» **TO DO**:
Among the entries that follow, the required portion opens with the line containing "Old stone wall" and closes with the line containing "These Stylish Totes". Give that portion again exactly, and nothing else.

» **EXCERPTED DATA**:
····················

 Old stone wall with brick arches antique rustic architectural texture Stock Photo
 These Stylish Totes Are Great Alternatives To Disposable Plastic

····················

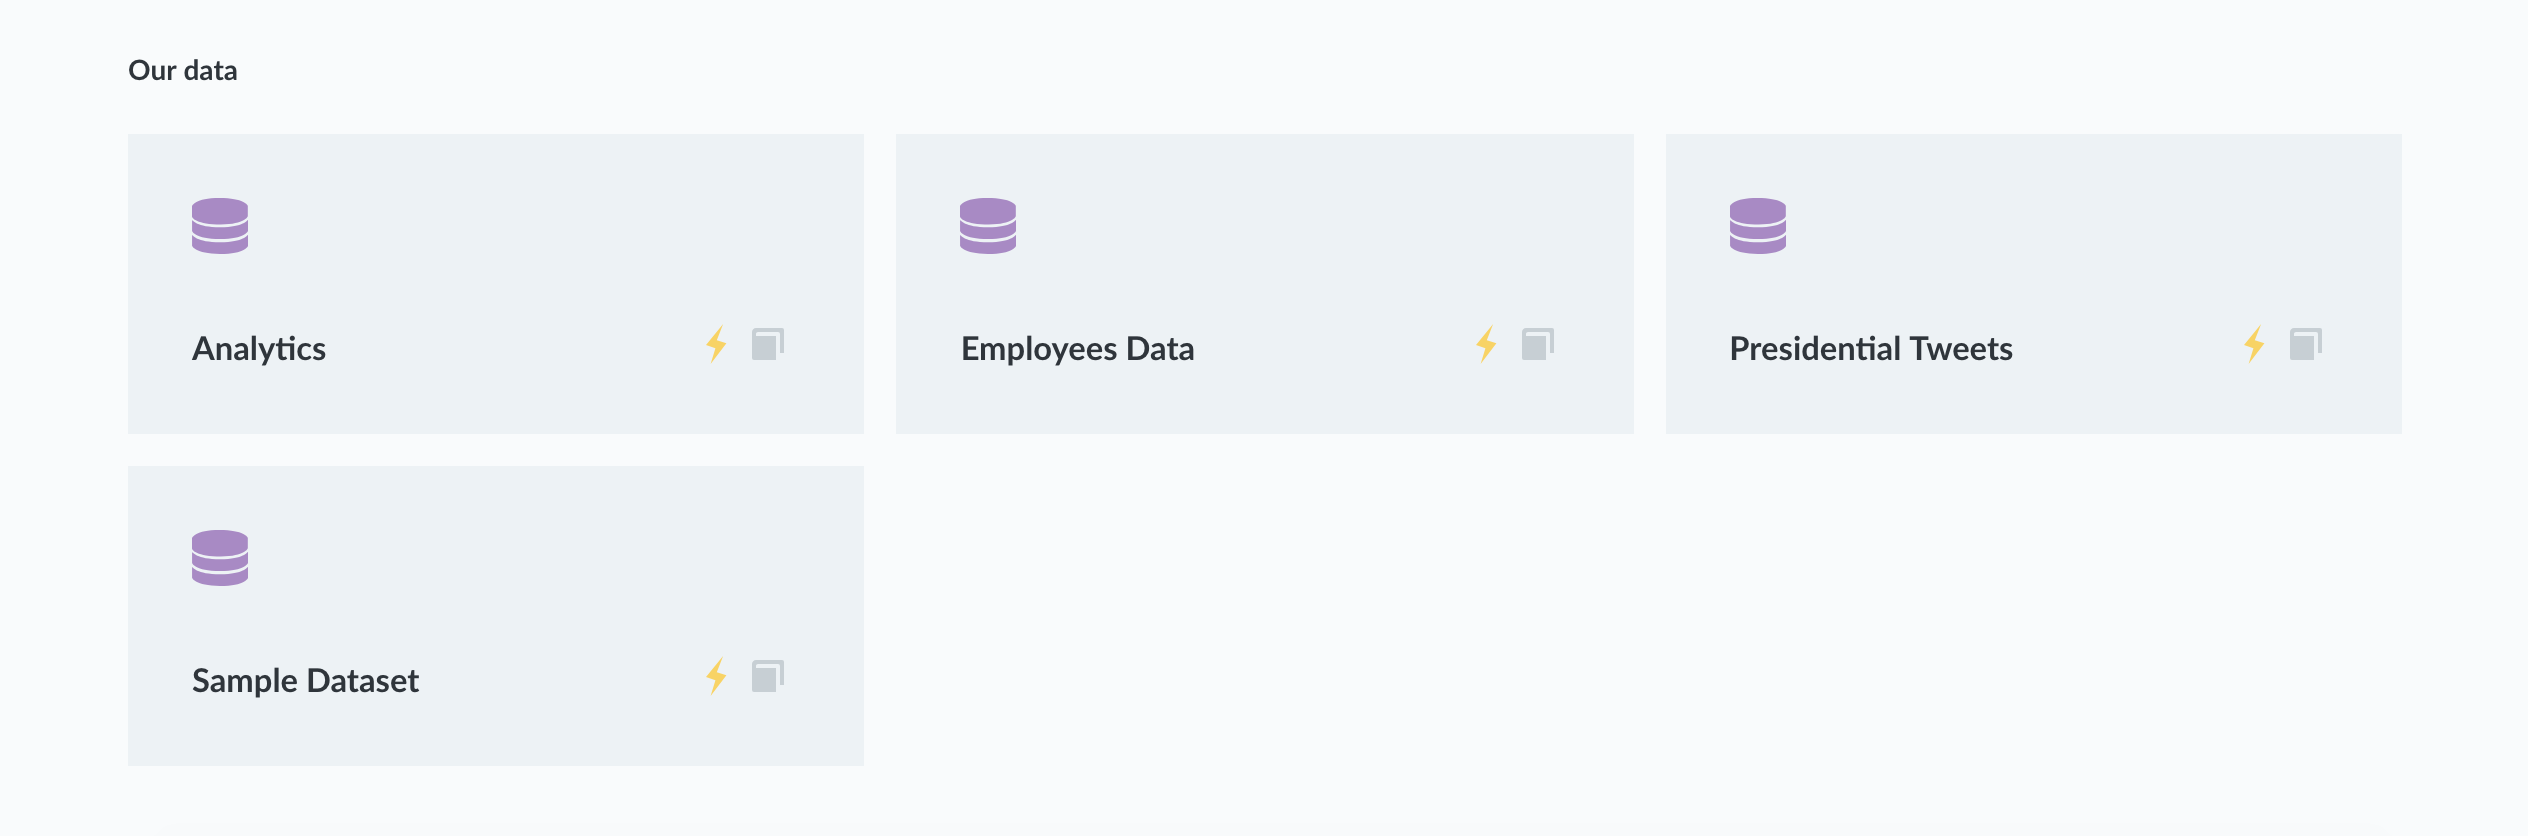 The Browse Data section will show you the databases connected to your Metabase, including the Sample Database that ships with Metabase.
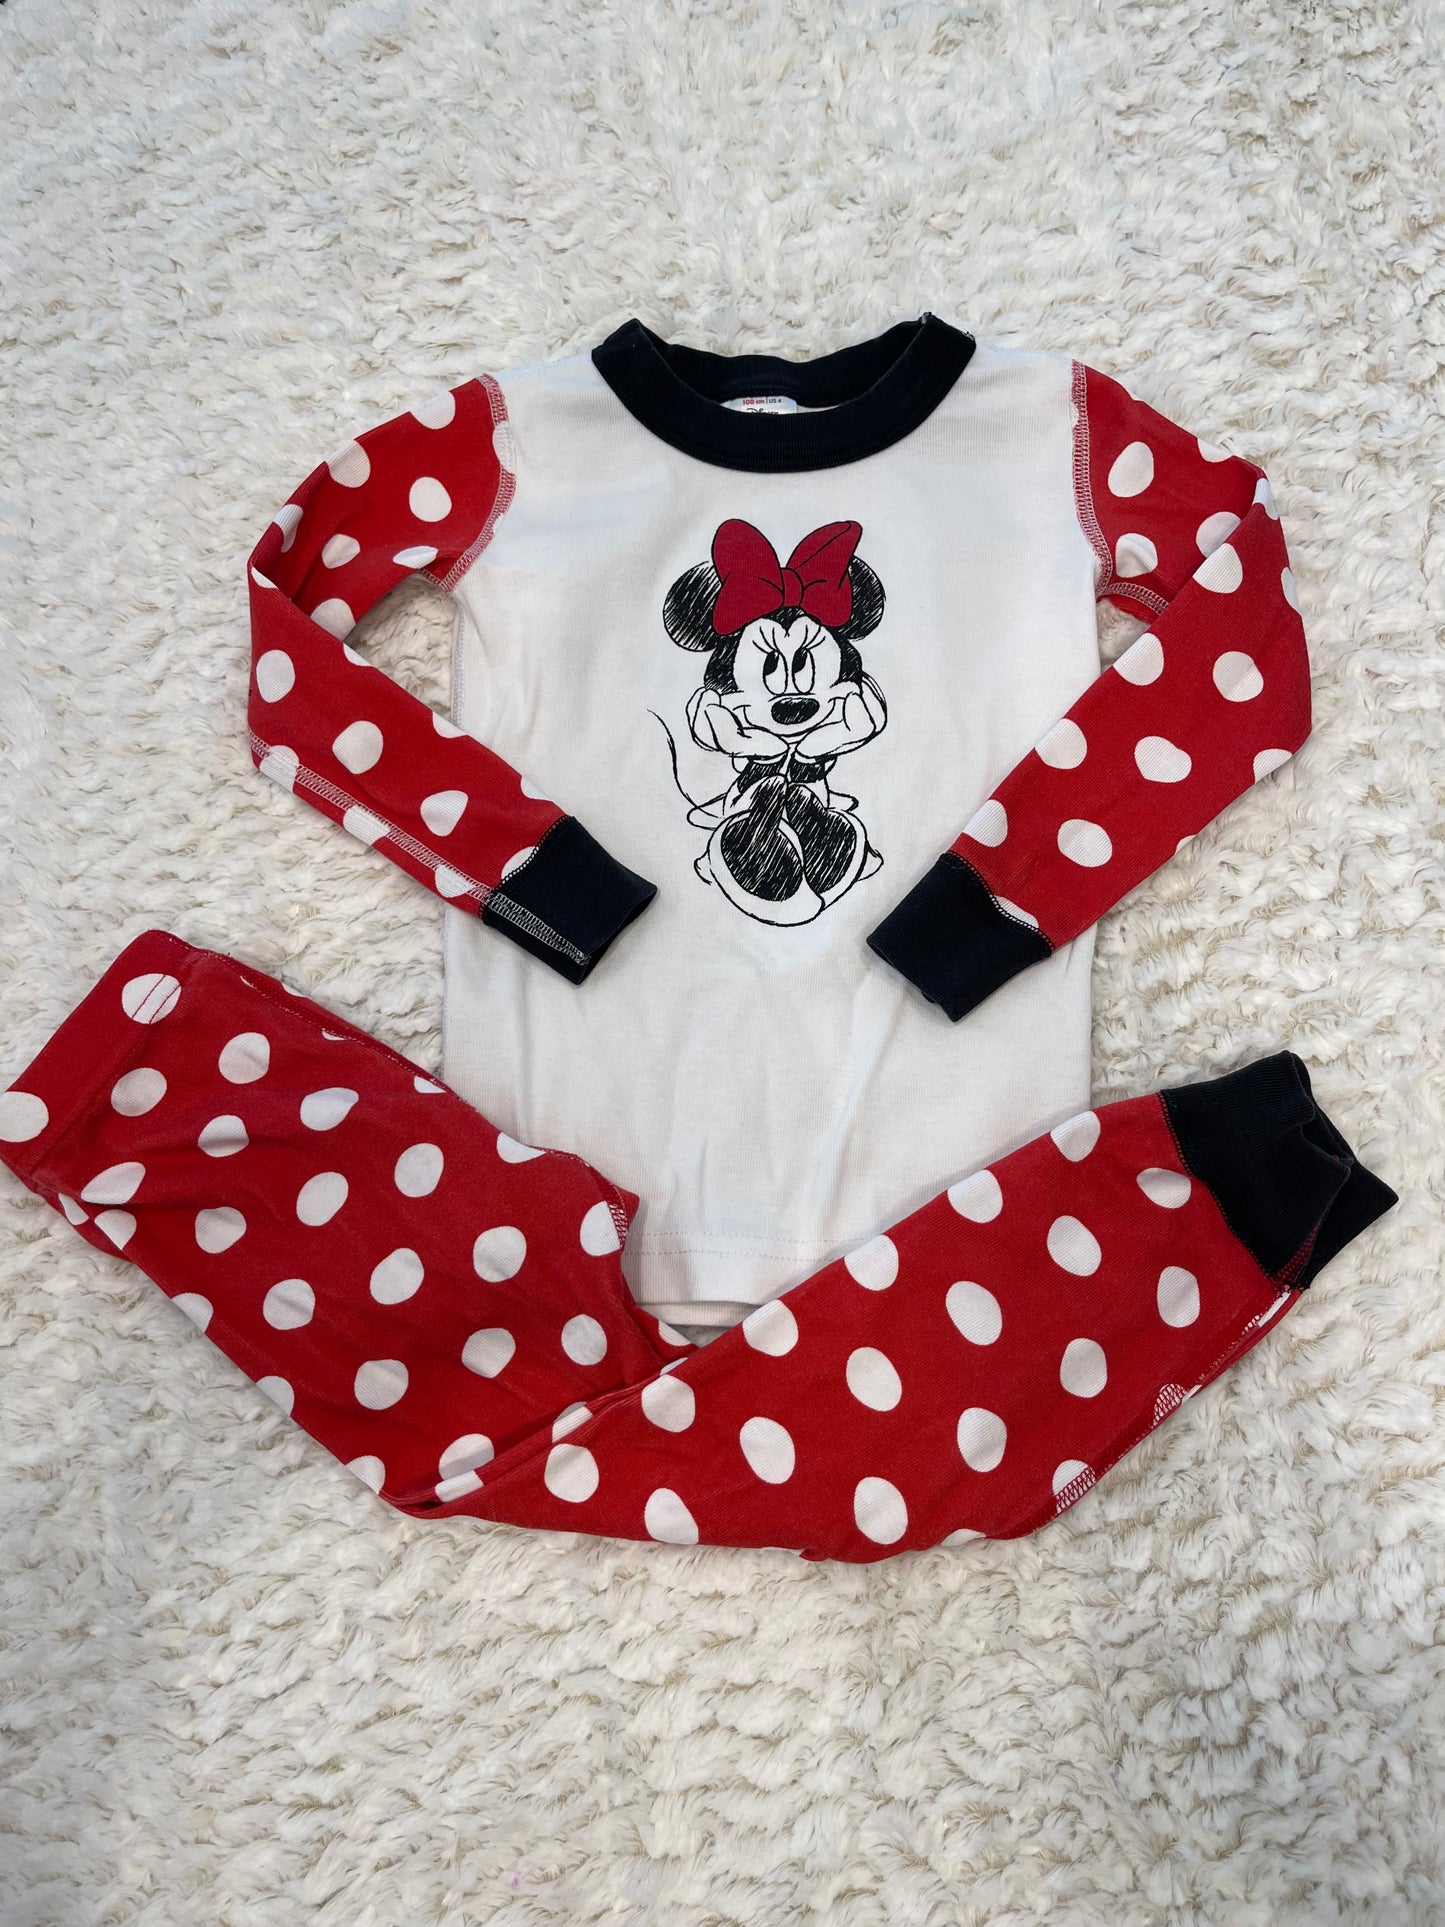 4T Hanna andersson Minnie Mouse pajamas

····················

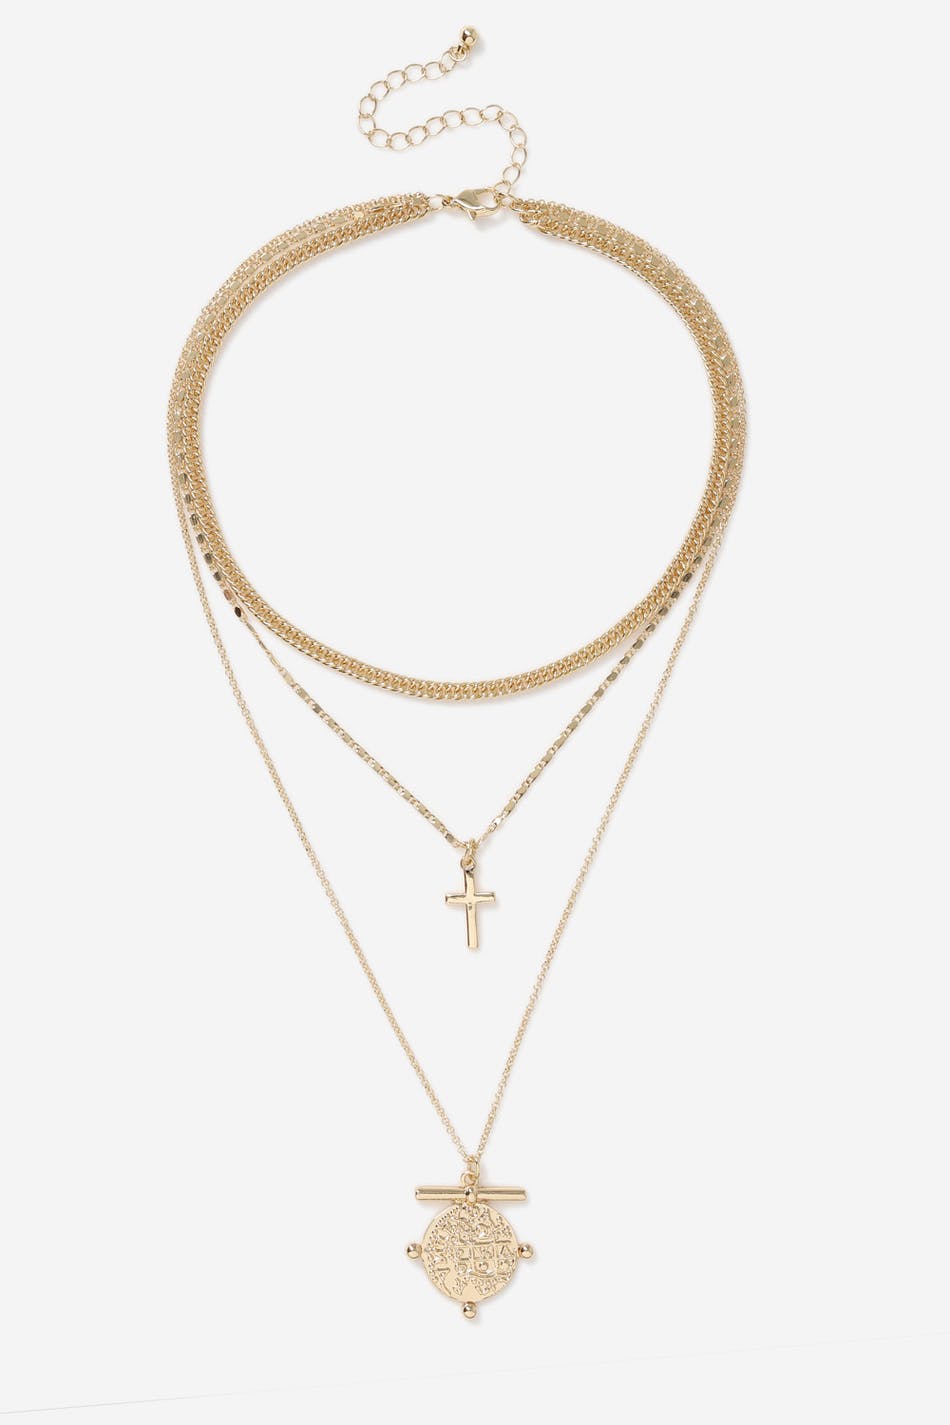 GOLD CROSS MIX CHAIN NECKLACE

····················

» **WRITTEN SOLUTION**:
 Old stone wall with brick arches antique rustic architectural texture Stock Photo
 These Stylish Totes Are Great Alternatives To Disposable Plastic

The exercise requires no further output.